Hawaii counselor describes her sad youth
Hawaii counselor describes her sad youth
By Kevin Dayton
Advertiser Big Island Bureau
Serena Camara now works at the women's prison in Kailua, where she once served time. Women convicts who have read her book often tell her it echoes elements of their own lives.
JEFF WIDENER | The Honolulu Advertiser
In her book about her childhood and early adult years on O'ahu, former prison inmate Serena Camara describes a damaged young woman's embrace of the cocaine subculture of Honolulu's Chinatown in the early 1990s, a detailed description of intoxication before a fall.Pregnant for the first time at 15, a high school dropout, a rape victim and survivor of vicious abuse by a boyfriend, Camara describes her younger self as "numb" until she found solace in a crack pipe in a foul-smelling alley behind a Chinatown pool hall.
In her disturbing reaction to that first taste, Camara writes that she felt as if she had replaced the security of her real childhood with "a home where I am loved and safe and secure and free, bound up by nothing, trodden by nothing at all. It happens just like that. One second becoming a promise of eternity.
"Eternally I will love thee."
Today Camara, 37, is a substance abuse counselor who works with inmates, and the women convicts who read Camara's book often tell her it echoes elements of their own lives. But to the uninitiated, the story is a peek into a hidden wasteland.
This was Hotel Street before the video surveillance cameras were installed, and before the federal Weed & Seed law enforcement effort clamped down on the area. Camara camped in 'A'ala Park or lived out of hotel rooms, working as a prostitute or selling crack, mingling with a cast of pimps and dealers who shared space with usually clueless Downtown businesspeople.
It was "a three-block radius where they work and shop, where I don't sleep, don't eat, just drift. I think of nowhere else, nothing and no one else. This is where I want to live and then die. Just leave me here, let me be," she wrote.
It didn't work out that way. Instead, Camara went to prison on a half-dozen drug charges in 1992, went through several drug treatment programs and emerged to write what she plans as a series of three books describing her experiences.
The first 290-page volume is entitled "The Making of A0210208," a reference to the inmate number assigned to Camara when she was a prisoner at the Women's Community Correctional Center.

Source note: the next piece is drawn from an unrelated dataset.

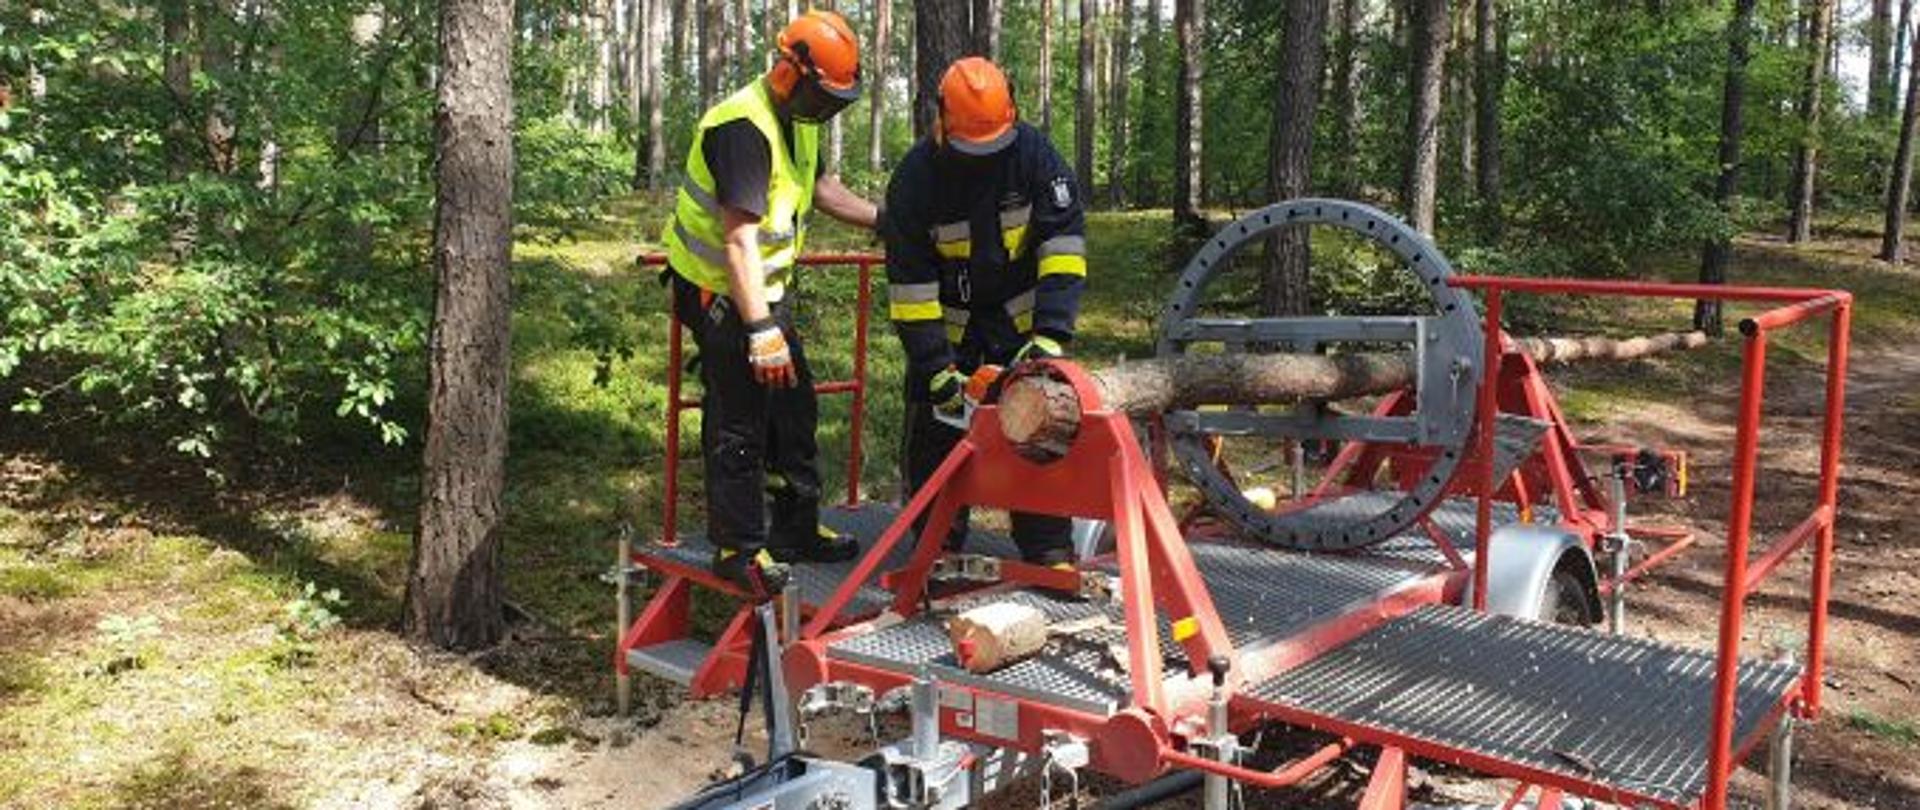 Dwóch strażaków przecina pień drzewa w symulatorze naprężeń

The story is described on the book jacket as "a work of fiction based on fact," but Camara said it is fictional only in the sense that she reconstructed dialogue she couldn't precisely remember and compressed timelines for events to move the narrative along. Apart from that, the story is hers, she said.

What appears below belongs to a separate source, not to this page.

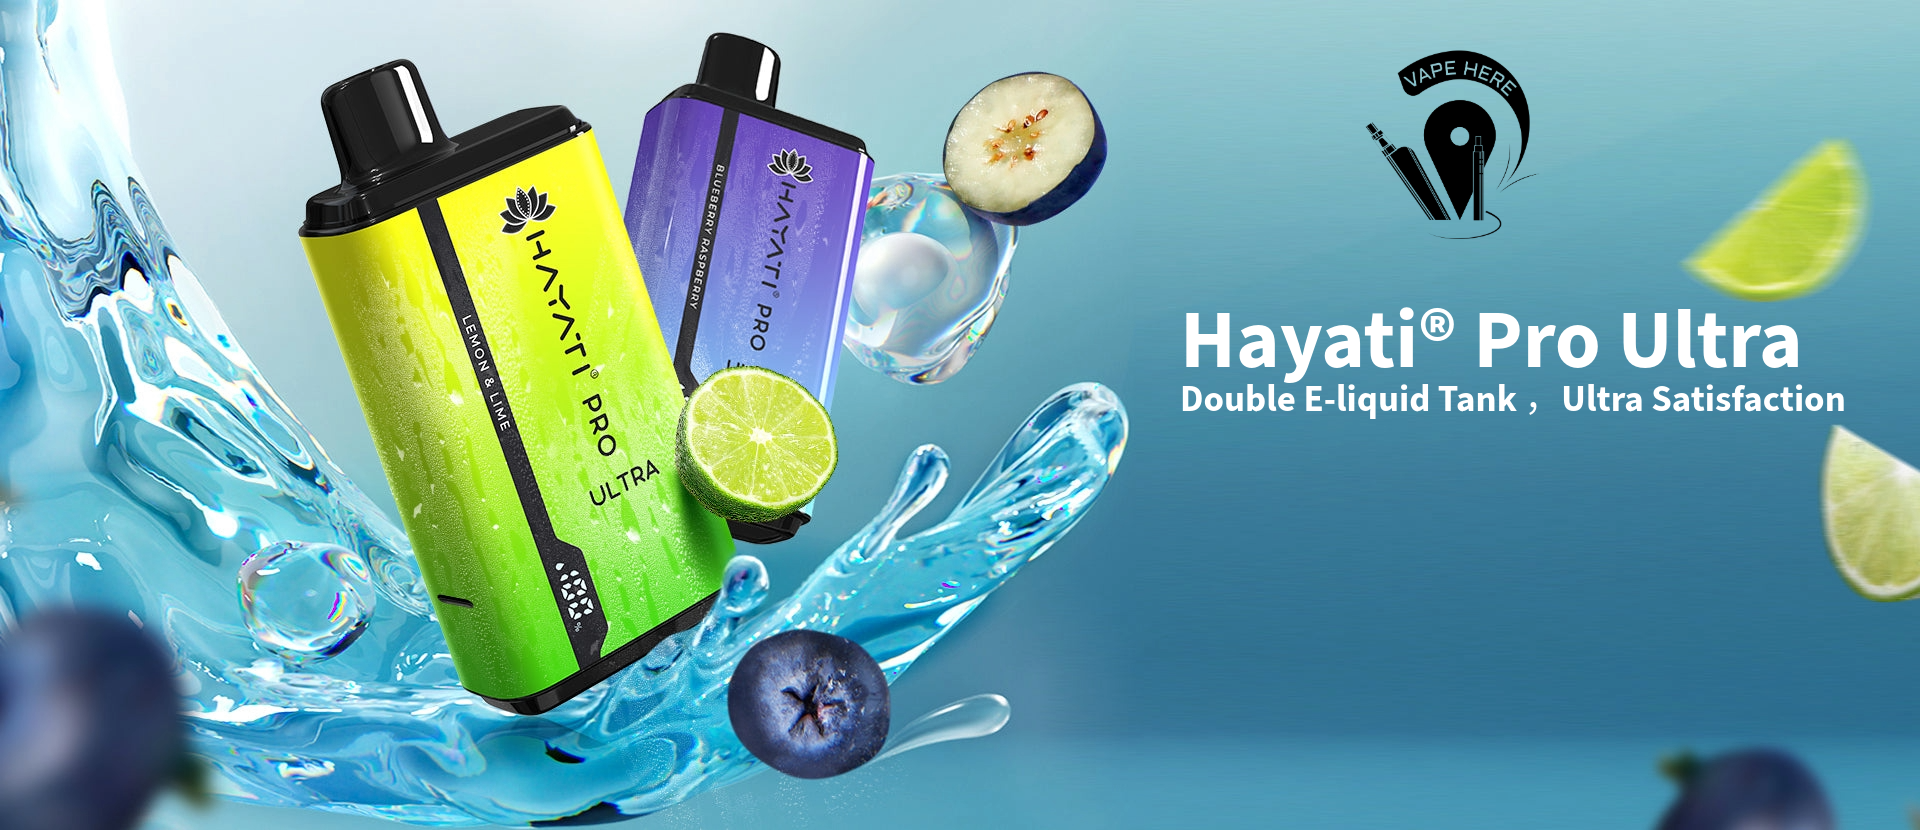 Hayati Pro Ultra 15000 Puffs Disposable Vape 20mg UAE Dubai

The book was published under the pseudonym of "Jayne Dough" because Camara was worried about her family members who didn't know the details of where she had been or what she had done. She wanted them to have a chance to read the book before she went public.
The book's chapters alternate between grim accounts of the woman's adult years on the street and under the control of abusive men, and sometimes sweet accounts of the girl's childhood with her strong-willed mother in a community easily identifiable as Waimanalo.
Camara was jailed for the first time at the Alder Street youth detention facility at age 16 after she stole the keys to her mother's car and drove off with a friend to meet up with some boys.
She was pregnant again by age 17 by a partner who was ferociously violent and controlling, and conceived another child when she was raped by an acquaintance after being lured away from a group of friends during an evening of drinking.
Camara said she has told her story so many times in treatment programs and other settings that she didn't feel much emotion when she put the narrative down on paper.
Camara struggled even after she was released, and was locked up again several times before she finally walked out of prison for the last time on July 8, 1995. She has been clean since 1996, and said a combination of factors finally got her to change her life.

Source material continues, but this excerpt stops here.